To see a full list of available configuration options using the CLI, run:

bitmagnet config show

See Running the CLI

For each configuration parameter available, this command will show:

  • The path of the config key
  • The Go type of the config key
  • The currently configured value
  • The default value
  • Where the currently configured value has been sourced from (e.g. default, ./config.yml, env)

Specifying configuration values

Configuration paths are delimited by dots. If you’re specifying configuration in a YAML file then each dot represents a nesting level, for example to configure log.json, tmdb.api_key and http_server.cors.allowed_origins:

log:
  json: true
tmdb:
  api_key: my-api-key
http_server:
  cors:
    allowed_origins:
      - https://example1.com
      - https://example2.com

This is not a suggested configuration file, it’s just an example of how to specify configuration values.

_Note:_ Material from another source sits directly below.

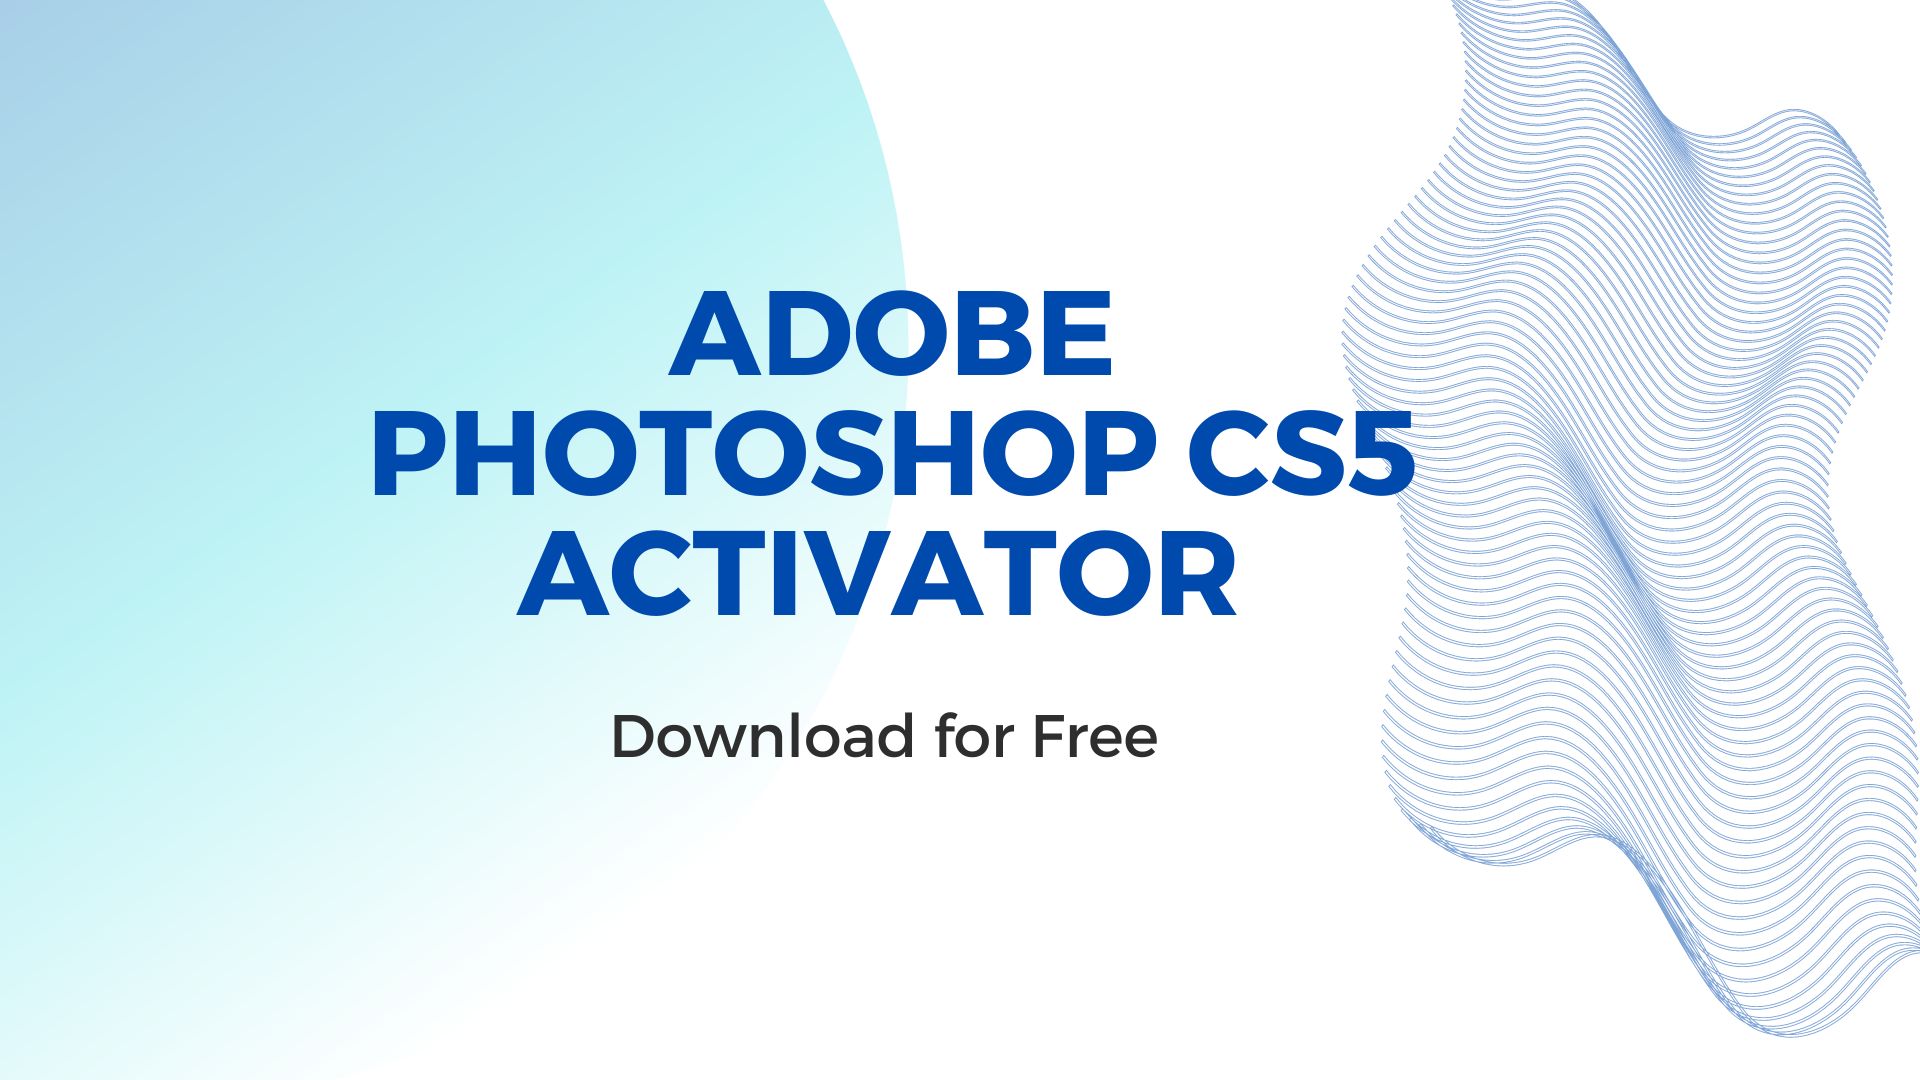 Adobe Photoshop CS5 Activator Download for Free

To configure these same values with environment variables, upper-case the path and replace all dots with underscores, for example:

LOG_JSON=true \
TMDB_API_KEY=my-api-key \
HTTP_SERVER_CORS_ALLOWED_ORIGINS=https://example1.com,https://example2.com \
  bitmagnet config show

Configuration precedence

In order of precedence, configuration values will be read from:

  • Environment variables
  • config.yml in the current working directory
  • config.yml in the XDG-compliant config location for the current user (for example on MacOS this is ~/Library/Application Support/bitmagnet/config.yml)
  • Default values

Environment variables can be used to configure simple scalar types (strings, numbers, booleans) and slice types (arrays). For more complex configuration types such as maps you’ll have to use YAML configuration. bitmagnet will exit with an error if it’s unable to parse a provided configuration value.

VPN configuration

It’s recommended that you run bitmagnet behind a VPN. If you’re using Docker then gluetun is a good solution for this, although the networking settings can be tricky. The example docker-compose file demonstrates this.

Obtaining a TMDB API Key

bitmagnet uses the TMDB API to fetch metadata for movies and TV shows. By default you’ll be sharing an API key with other users. If you’re using this app and its content classifier heavily then you’ll need to get a personal TMDB API key. Until you do this you’ll see a warning message in the logs on startup, and you’ll be limited to 1 TMDB API request per second. This is just about enough for running the DHT crawler, but if you’re importing and classifying a lot of content this will be a major bottleneck. If many people are using this app with the default API key then that could add up to many requests per second, so please get your own API key if you are using this app more than casually!

Obtaining an API key is free and relatively easy, but you’ll have to register for a TMDB account, provide them with some personal information such as contact details, a website URL (such as your GitHub account or social media profile) and a short description of your use case (tip: this app provides “A content classifier that identifies movies and TV shows based on filenames”). Once you’ve filled in the request form, approval should be instant.

Synology have provided a full tutorial on obtaining a TMDB API key.

Once you’ve obtained your API key you’ll need to configure the tmdb.api_key value. Your rate limit will then default to 20 requests per second, which is well within TMDB’s stated fair usage limit.

The TMDB API integration can be disabled altogether by setting tmdb.enabled to false.